The just prior link to geeksforgeeks actually ended up having the solution (first time ever I think…); change the declaration of forward in wrapper.cpp to

void forward(float (&arg_2)[1][1][N][N], float (&arg_3)[1][1][M][M]);

to get a mangled name like _Z7forwardRA1_A1_A8_A8_fRA1_A1_A6_A6_f and use the corresponding signature

void @_Z7forwardRA1_A1_A8_A8_fRA1_A1_A6_A6_f([1 x [1 x [8 x [8 x float]]]]* dereferenceable(256) %l_A, [1 x [1 x [6 x [6 x float]]]]* dereferenceable(144) %l_C)

when you copy+paste into conv.opt.vitis.ll.

Synthesis

After jumping through all of those hoops you should be able to synthesize and implement successfully.
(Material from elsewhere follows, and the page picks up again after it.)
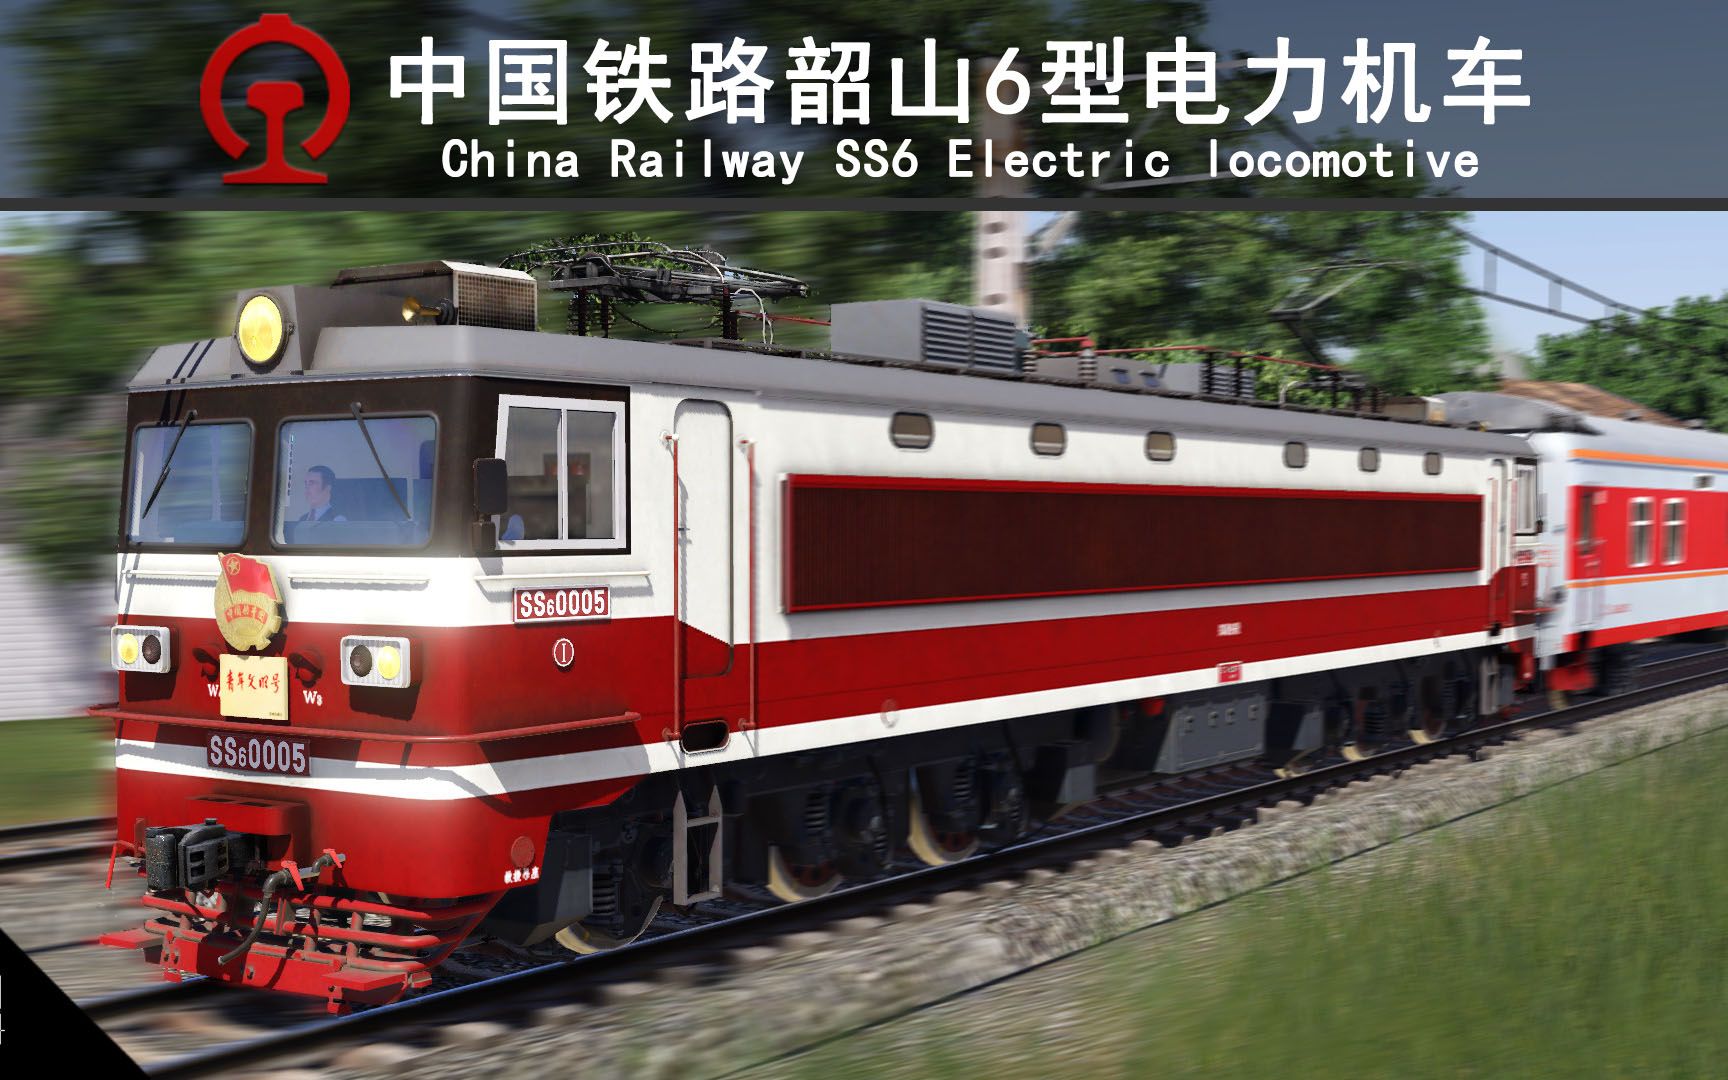 【狂热运输2】中国铁路韶山6型电力机车现已发布

You can then create an IP core (using config_export -format ip_catalog -rtl verilog and export_design -rtl verilog -format ip_catalog) and use that IP core in the same way as I did for MatMul (i.e., with AXI Stream Width Converters and etc).

If you get a synthesis error in Vivado about floating point v7_1_12.v missing then you might be using an outdated version of vitis_hls (i.e., Vitis HLS); this issue cleared up for me going from 2021.1 to 2021.2.

Finally!

Using a script similar to the [matmul.py](https://gist.github.com/makslevental/69107d0e566040b24bc317354b6372d9) script

import os
import numpy as np
import asyncio

MATRIX_DIM = 8
NUM_EL_MATRIX = MATRIX_DIM * MATRIX_DIM
DATA_TYPE = np.float32
DATA_BYTES = np.dtype(DATA_TYPE).itemsize

MAT_A = np.arange(0, NUM_EL_MATRIX, dtype=DATA_TYPE).reshape(MATRIX_DIM, MATRIX_DIM)

async def to_device():
  xdma_axis_wr_data = os.open("/dev/xdma0_h2c_0", os.O_WRONLY)

  print(f"{MAT_A=}")

  buffer = MAT_A
  os.write(xdma_axis_wr_data, buffer.tobytes())

async def from_device():
  xdma_axis_rd_data = os.open("/dev/xdma0_c2h_0", os.O_RDONLY)

  buffer_size = 6 * 6 * DATA_BYTES
  data = os.read(xdma_axis_rd_data, buffer_size)
  output = np.frombuffer(data, dtype=DATA_TYPE).reshape(6, 6)
  print(f"{output=}")
  # 48 (12 floats) bytes left in the stream because we read 16 floats
  # at a time, and 36 = 16 + 16 + 4
  # ie the last read has 16 - 4 = 12 unfilled
  print(os.read(xdma_axis_rd_data, 48))

async def conv():
  # don't flip the order!
  await to_device()
  await from_device()

asyncio.run(conv())

As the note in from_device says, after reading from the FPGA there seem to be 48 bytes left that need to cleared out. I have no clue why it’s 48 (i.e., 12 floats) but that’s a battle for another day.